The exchange left the impression that it was a question hour aimed at Keup rather than a current affairs debate. Djuna Bernard of déi Gréng (the Greens), who had requested the session, first made clear that, contrary to what Keup had earlier suggested, she did see air conditioning as part of the solution. More broadly, she said, she had no time for the tone the ADR politician had adopted.
She said she was somewhat scared. Keup, she argued, was ridiculing a debate she had called for that was really about the most vulnerable people in society, people who had suffered enormously in recent weeks, who had had to spend their days inside state-run buildings and for whom, on every front, things had certainly not been rosy.
Earlier in her speech, Bernard had also called for every public facility to draw up a heat protection plan, drafted in language that people can readily understand.
Marc Baum of déi Lénk (the Left Party) pointed to one group that had suffered particularly badly under the high temperatures. Manual workers, he said, are people who very often have to work outdoors under such conditions, laying asphalt or building houses in places with no shade, and who barely have any way of retreating from the heat.
Marc Goergen of the Pirates regretted that past opportunities to prepare more thoroughly had been missed. In 2020, he said, he had put forward a motion in the Chamber to turn the winter homelessness campaign into a summer one, but the majority at the time had rejected it, which is why the country is still debating today where vulnerable people can go when it becomes so hot.
The same, he added, applies at municipal level. The local cultural centre, he pointed out, is always empty, so why not simply open it up when the heat becomes so extreme?

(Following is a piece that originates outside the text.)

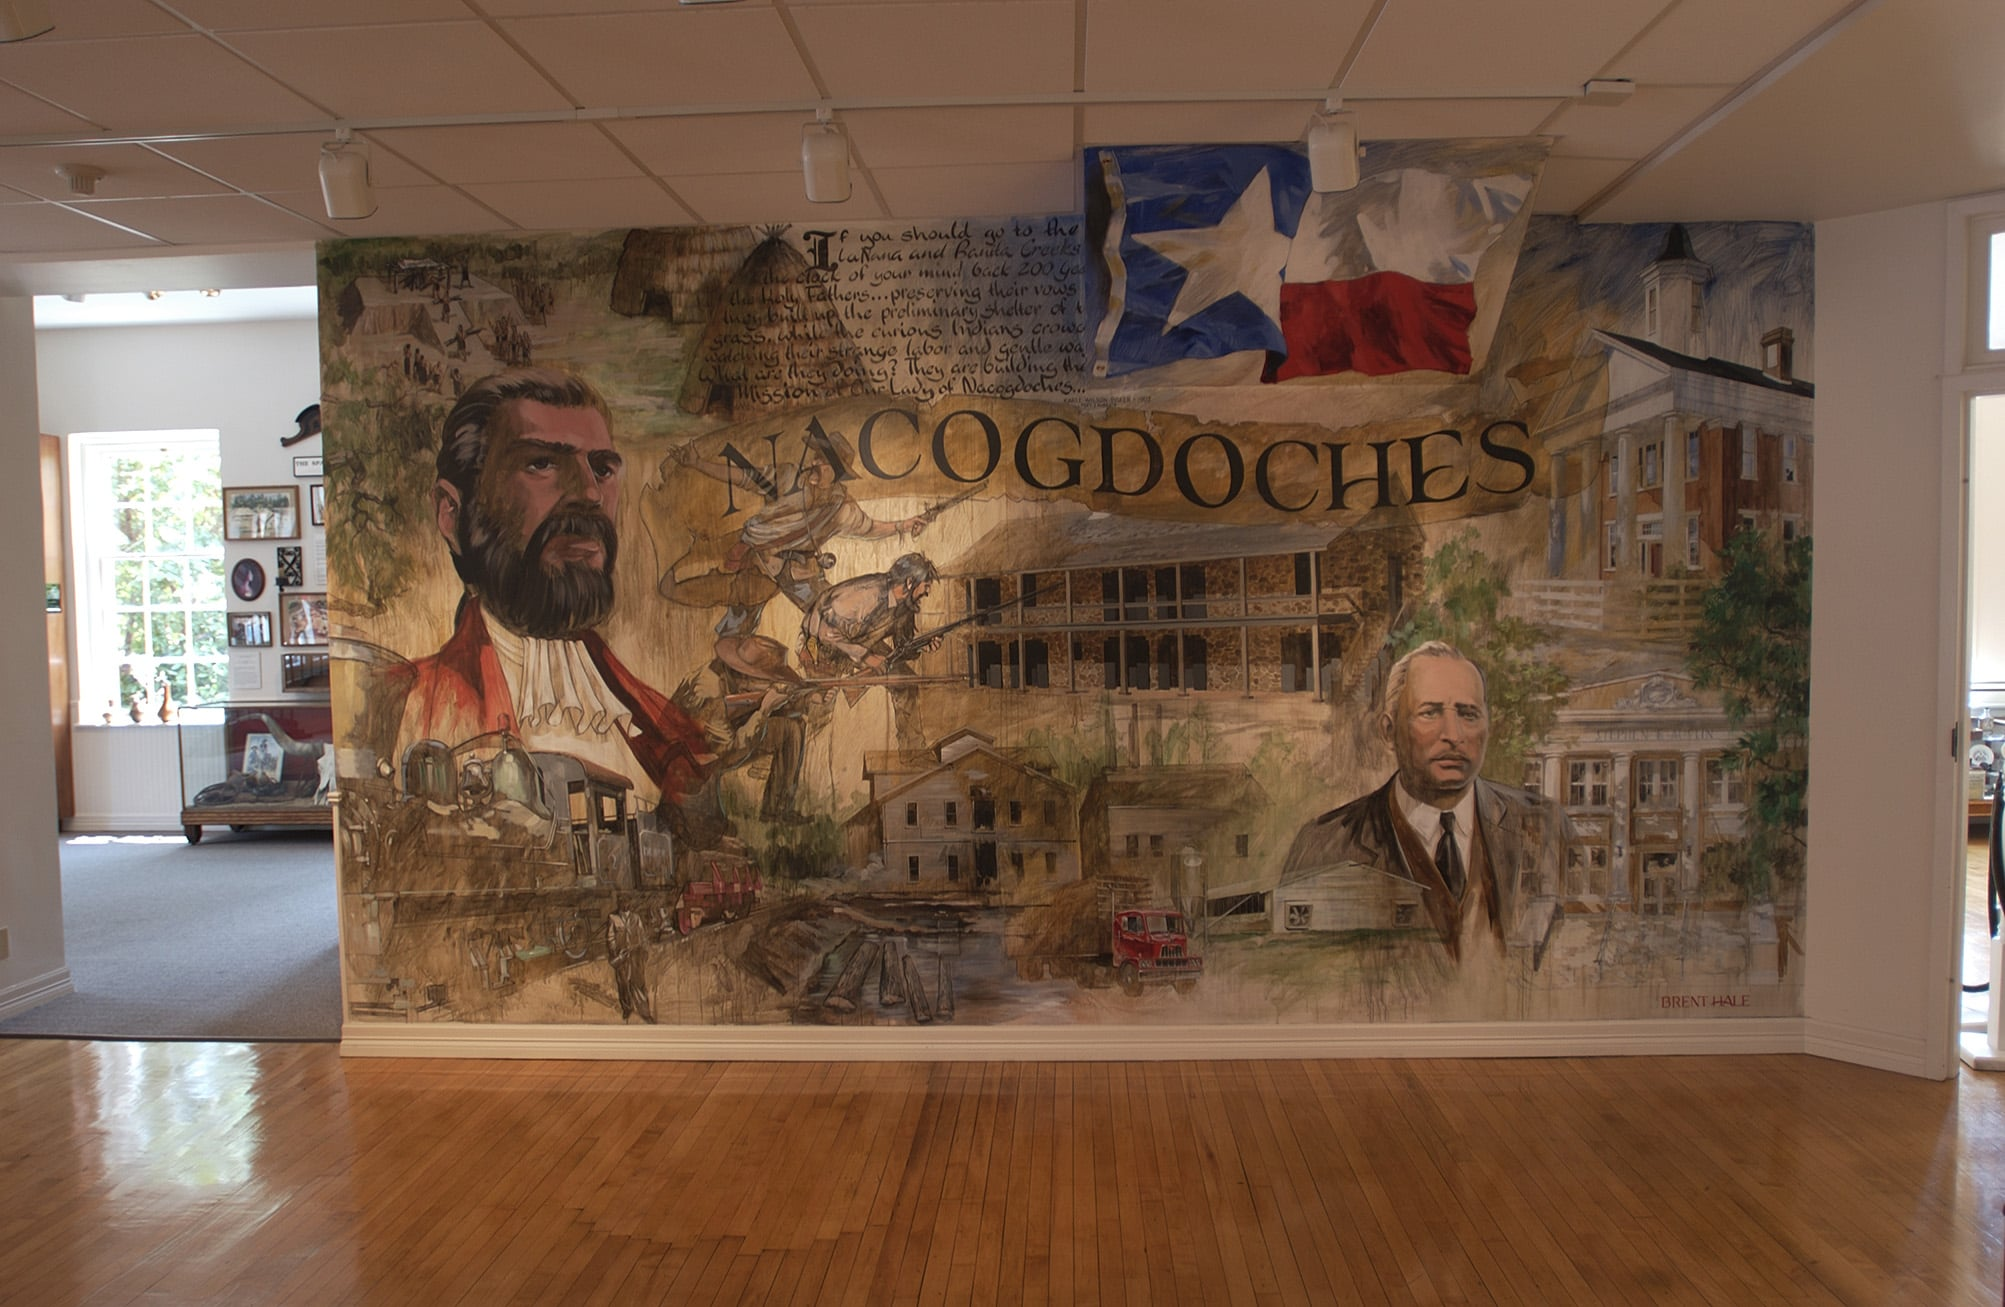 Nacogdoches Visitor's Center

The heatwave has shown that the climate reality is shifting faster than the country's infrastructure, said Ricardo Marques of the Christian Social People’s Party (CSV). Even if many people did not like hearing it, he added, it was time to get used to the idea that this past summer might well end up being cooler than the ones ahead.
Mandy Minella of the Democratic Party (DP) focused on the elderly. Older people, she said, are especially vulnerable, so it would have been useful for the Ministry of Family Affairs to react more swiftly, for instance by putting an offer in place for people who live alone and have no one in their immediate circle to check up on them.
Luxembourg Socialist Workers' Party (LSAP) parliamentary group president Taina Bofferding questioned whether the government had really treated the heatwave with the seriousness it deserved. A national crisis unit had not been convened, she noted, with coordination instead taking place at the level of the civil service.
Health Minister Martine Deprez pointed out that the country's supplies had not been in danger at any point during the heatwave. It had been a stress test, she said, but not a catastrophe.